From: Thomas Gleixner <tglx@linutronix.de>
To: Xiongfeng Wang <wangxiongfeng2@huawei.com>,
vschneid@redhat.com, Phil Auld <pauld@redhat.com>,
vdonnefort@google.com
Cc: Linux Kernel Mailing List <linux-kernel@vger.kernel.org>,
wangxiongfeng2@huawei.com, Wei Li <liwei391@huawei.com>,
"liaoyu (E)" <liaoyu15@huawei.com>,
zhangqiao22@huawei.com, Peter Zijlstra <peterz@infradead.org>,
Vincent Guittot <vincent.guittot@linaro.org>,
Dietmar Eggemann <dietmar.eggemann@arm.com>,
Ingo Molnar <mingo@kernel.org>
Subject: Re: [Question] report a race condition between CPU hotplug state machine and hrtimer 'sched_cfs_period_timer' for cfs bandwidth throttling
Date: Fri, 09 Jun 2023 16:55:37 +0200 [thread overview]
Message-ID: <87mt18it1y.ffs@tglx> (raw)
In-Reply-To: <8e785777-03aa-99e1-d20e-e956f5685be6@huawei.com>
On Fri, Jun 09 2023 at 19:24, Xiongfeng Wang wrote:
Cc+ scheduler people, leave context intact
> Hello,
> When I do some low power tests, the following hung task is printed.
>
> Call trace:
> __switch_to+0xd4/0x160
> __schedule+0x38c/0x8c4
> __cond_resched+0x24/0x50
> unmap_kernel_range_noflush+0x210/0x240
> kretprobe_trampoline+0x0/0xc8
> __vunmap+0x70/0x31c
> __vfree+0x34/0x8c
> vfree+0x40/0x58
> free_vm_stack_cache+0x44/0x74
> cpuhp_invoke_callback+0xc4/0x71c
> _cpu_down+0x108/0x284
> kretprobe_trampoline+0x0/0xc8
> suspend_enter+0xd8/0x8ec
> suspend_devices_and_enter+0x1f0/0x360
> pm_suspend.part.1+0x428/0x53c
> pm_suspend+0x3c/0xa0
> devdrv_suspend_proc+0x148/0x248 [drv_devmng]
> devdrv_manager_set_power_state+0x140/0x680 [drv_devmng]
> devdrv_manager_ioctl+0xcc/0x210 [drv_devmng]
> drv_ascend_intf_ioctl+0x84/0x248 [drv_davinci_intf]
> __arm64_sys_ioctl+0xb4/0xf0
> el0_svc_common.constprop.0+0x140/0x374
> do_el0_svc+0x80/0xa0
> el0_svc+0x1c/0x28
> el0_sync_handler+0x90/0xf0
> el0_sync+0x168/0x180
>
> After some analysis, I found it is caused by the following race condition.
>
> 1. A task running on CPU1 is throttled for cfs bandwidth. CPU1 starts the
> hrtimer cfs_bandwidth 'period_timer' and enqueue the hrtimer on CPU1's rbtree.
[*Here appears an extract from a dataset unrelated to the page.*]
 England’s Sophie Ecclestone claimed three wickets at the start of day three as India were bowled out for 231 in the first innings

> 2. Then the task is migrated to CPU2 and starts to offline CPU1. CPU1 starts
> CPUHP AP steps, and then the hrtimer 'period_timer' expires and re-enqueued on CPU1.
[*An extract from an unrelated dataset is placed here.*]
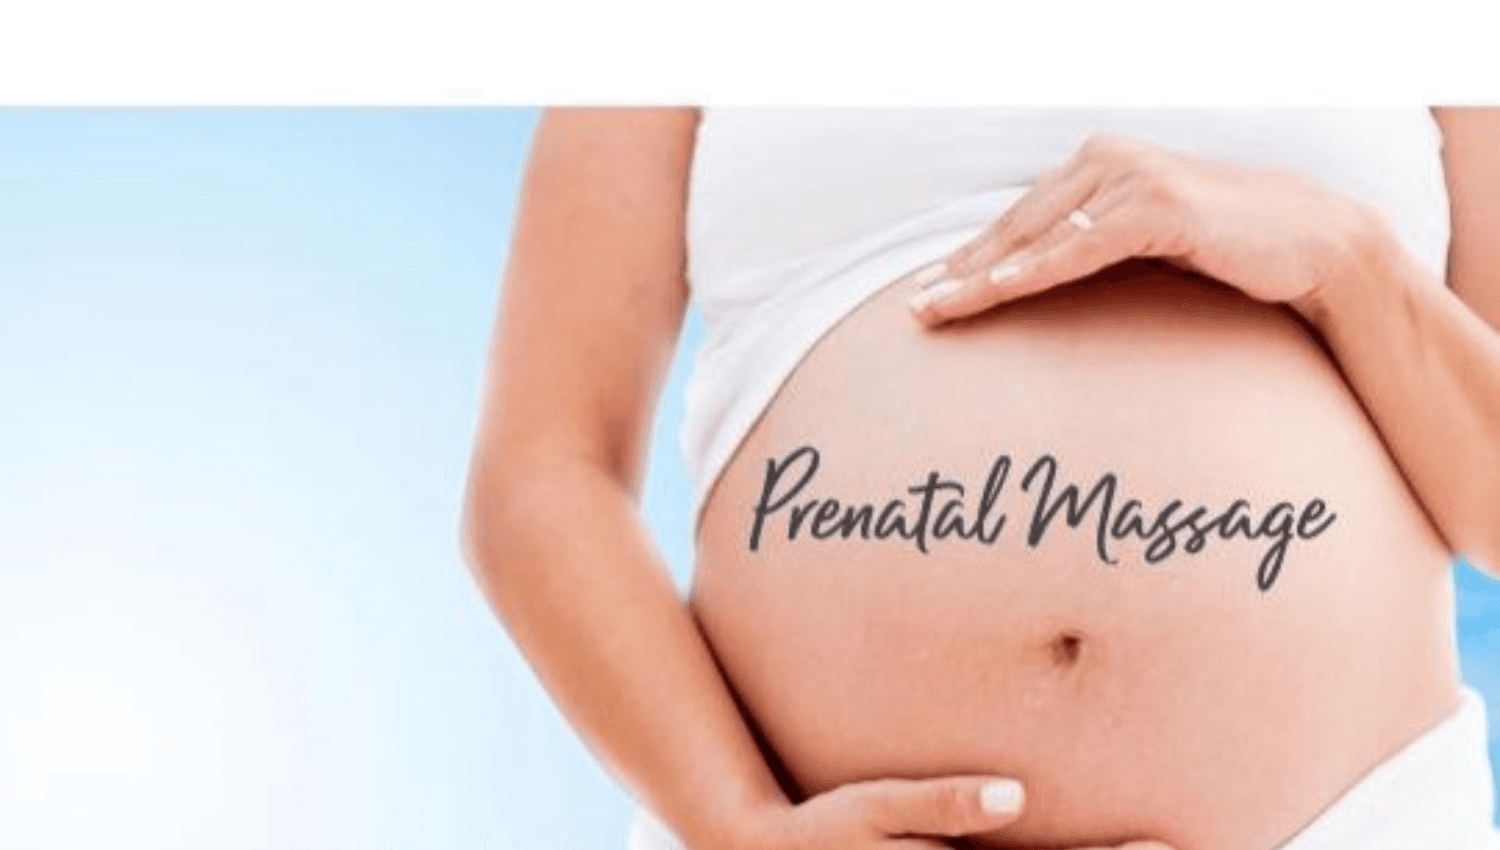 Image for 60 Minute Prenatal Massage Therapy Treatment

> 3. CPU1 runs to take_cpu_down() and disable irq. After CPU1 finished CPUHP AP
> steps, CPU2 starts the rest CPUHP step.
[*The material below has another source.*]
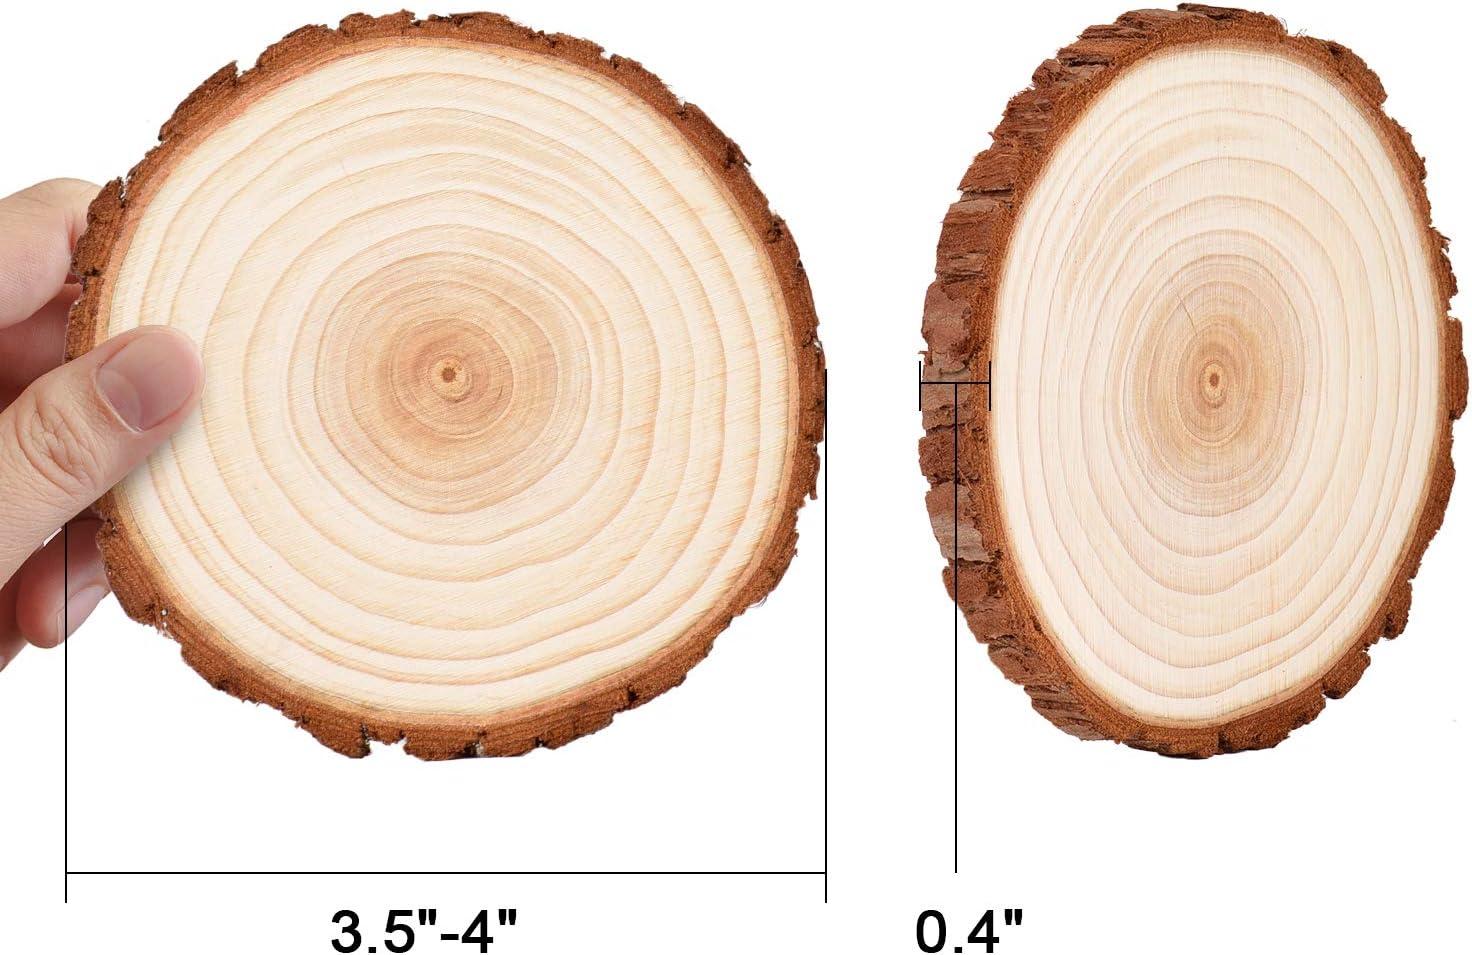 LESUMI Unfinished Natural Wood Slices with Bark - 20 Pcs 3.5-4 inch Wood  Craft kit DIY Kids Arts and Crafts Coasters Christmas Ornaments Rustic  Wedding Decorations

> 4. When CPU2 runs to free_vm_stack_cache(), it is sched out in __vunmap()
> because it run out of CPU quota. start_cfs_bandwidth() does not restart the
> hrtimer because 'cfs_b->period_active' is set.
> 5. The task waits the hrtimer 'period_timer' to expire to wake itself up, but
> CPU1 has disabled irq and the hrtimer won't expire until it is migrated to CPU2
> in hrtimers_dead_cpu(). But the task is blocked and cannot proceed to
> hrtimers_dead_cpu() step. So the task hungs.
>
> CPU1 CPU2
> Task set cfs_quota
> start hrtimer cfs_bandwidth 'period_timer'
> start to offline CPU1
> CPU1 start CPUHP AP step
> ...
> 'period_timer' expired and re-enqueued on CPU1
> ...
> disable irq in take_cpu_down()
> ...
> CPU2 start the rest CPUHP steps
> ...
> sched out in free_vm_stack_cache()
> wait for 'period_timer' expires
>
>
> Appreciate it a lot if anyone can give some suggestion on how fix this problem !
>
> Thanks,
> Xiongfeng
next prev parent reply other threads:[~2023-06-09 14:56 UTC|newest]
Thread overview: 19+ messages / expand[flat|nested] mbox.gz Atom feed top
2023-06-09 11:24 [Question] report a race condition between CPU hotplug state machine and hrtimer 'sched_cfs_period_timer' for cfs bandwidth throttling Xiongfeng Wang
2023-06-09 14:55 ` Thomas Gleixner [this message]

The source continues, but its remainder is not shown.